Another case that this might be happening is if your data was improperly written to your csv to have each row end with a comma. This will leave you with an unnamed column Unnamed: x at the end of your data when you try to read it into a df.

Brendan
  • 1,905
  • 2
  • 19
  • 25
  • 3
    I used `usecols=range(0,10)` to cut off the unnamed column – Nash Dec 04 '18 at 12:21
  • An example of this is having data such as `musical_instruments_store.csv` `color,item\nbrown,piano,` Either: - you have a missing column on the first line (e.g price which is null in this case so it should've been `colour, item, price`) - Trailing comma on the second line so the data needs to be cleaned (so it should be `brown,piano` instead. – Mark Apr 05 '21 at 20:13
11

You can do either of the following with 'Unnamed' Columns:

  1. Delete unnamed columns
  2. Rename them (if you want to use them)
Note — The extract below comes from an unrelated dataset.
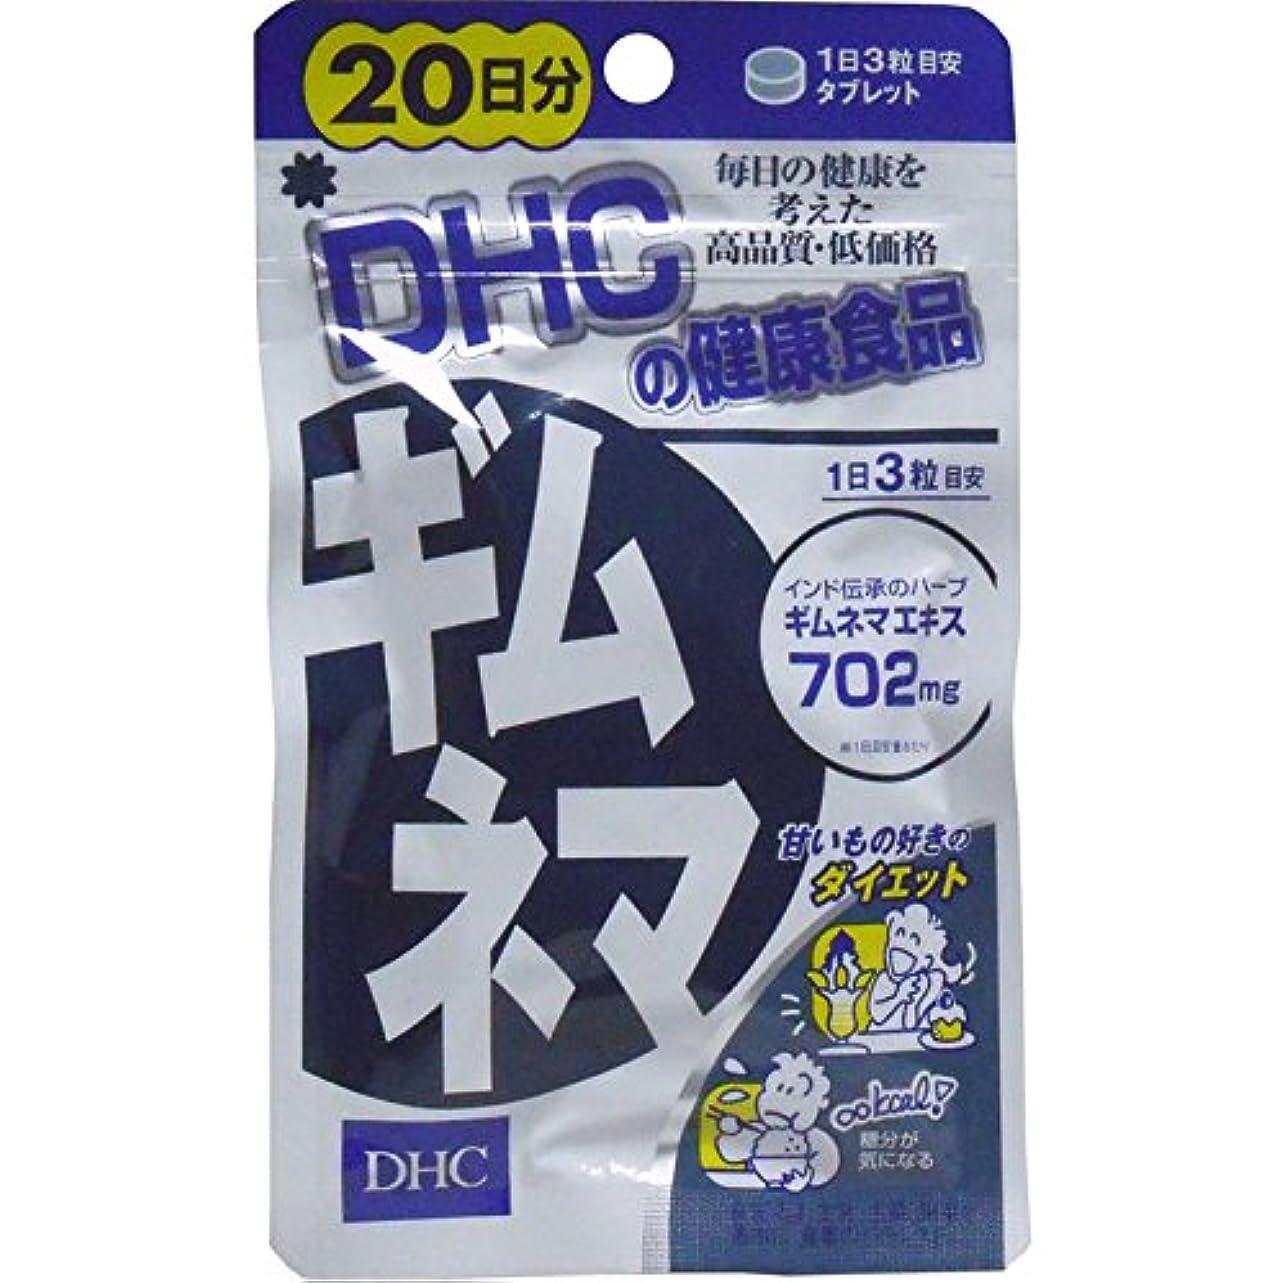 中止します作成者登るダイエット 美容 健康 余分な糖分をブロック 便利 DHC ギムネマ 20日分 60粒【2個セット】

Method 1: Delete Unnamed Columns

# delete one by one like column is 'Unnamed: 0' so use it's name
df.drop('Unnamed: 0', axis=1, inplace=True)

#delete all Unnamed Columns in a single code of line using regex
df.drop(df.filter(regex="Unnamed"),axis=1, inplace=True)

Method 2: Rename Unnamed Columns

df.rename(columns = {'Unnamed: 0':'Name'}, inplace = True)

If you want to write out with a blank header as in the input file, just choose 'Name' above to be ''.

where the OP's input data 'file.csv' was:

,A,B,C
0,1,2,3
1,4,5,6
2,7,8,9

#read file df = pd.read_csv('file.csv')

smci
  • 32,567
  • 20
  • 113
  • 146
Jatin Kaushik
  • 161
  • 2
  • 6
4

Simply delete that column using: del df['column_name']

ssareen
  • 246
  • 2
  • 6
  • This is probably the easiest way – Anshuman Kumar Oct 20 '20 at 17:08
  • @AnshumanKumar: no it's not, the easiest way is simply to use `read_csv(..., index_col=[0])`. Generally with pandas, trying to hack around an issue instead of taking 5 min to read the documentation then experimenting till you solve it only causes/defers further problems. Admittedly the pandas doc is unclear, incomplete, and lagging the code (welcome to open source!). That's what github is for. – smci Dec 15 '20 at 05:25
4

Simple do this:

df = df.loc[:, ~df.columns.str.contains('^Unnamed')]
HITESH GUPTA
  • 149
  • 4
4

Alternatively:

df = df.drop(columns=['Unnamed: 0'])
3
from IPython.display import display
import pandas as pd
import io


df = pd.read_csv('file.csv',index_col=[0])
df = pd.read_csv(io.StringIO(df.to_csv(index=False)))
display(df.head(5))
3

In my experience, there are many reasons you might not want to set that column as index_col =[0] as so many people suggest above. For example it might contain jumbled index values because data were saved to csv after being indexed or sorted without df.reset_index(drop=True) leading to instant confusion.

So if you know the file has this column and you don't want it, as per the original question, the simplest 1-line solutions are:

df = pd.read_csv('file.csv').drop(columns=['Unnamed: 0'])

or

df = pd.read_csv('file.csv',index_col=[0]).reset_index(drop=True)

0

A solution that is agnostic to whether the index has been written or not when utilizing df.to_csv() is shown below:

df = pd.read_csv(file_name)
if 'Unnamed: 0' in df.columns:
    df.drop('Unnamed: 0', axis=1, inplace=True)

If an index was not written, then index_col=[0] will utilize the first column as the index which is behavior that one would not want.

gsandhu
  • 489
  • 5
  • 13
0

My issue was slightly different. The first header was unnamed, which caused all my data afterwards to shift left, making it misaligned, and made the last column all NaN.

I resolved it using the following:

df = pd.read_csv('filename.csv', nrows=1)
columns = list(df.columns)[1:]
df = pd.read_csv('filename.csv', skiprows=1, header=None, names=columns)
DarkHark
  • 614
  • 1
  • 6
  • 20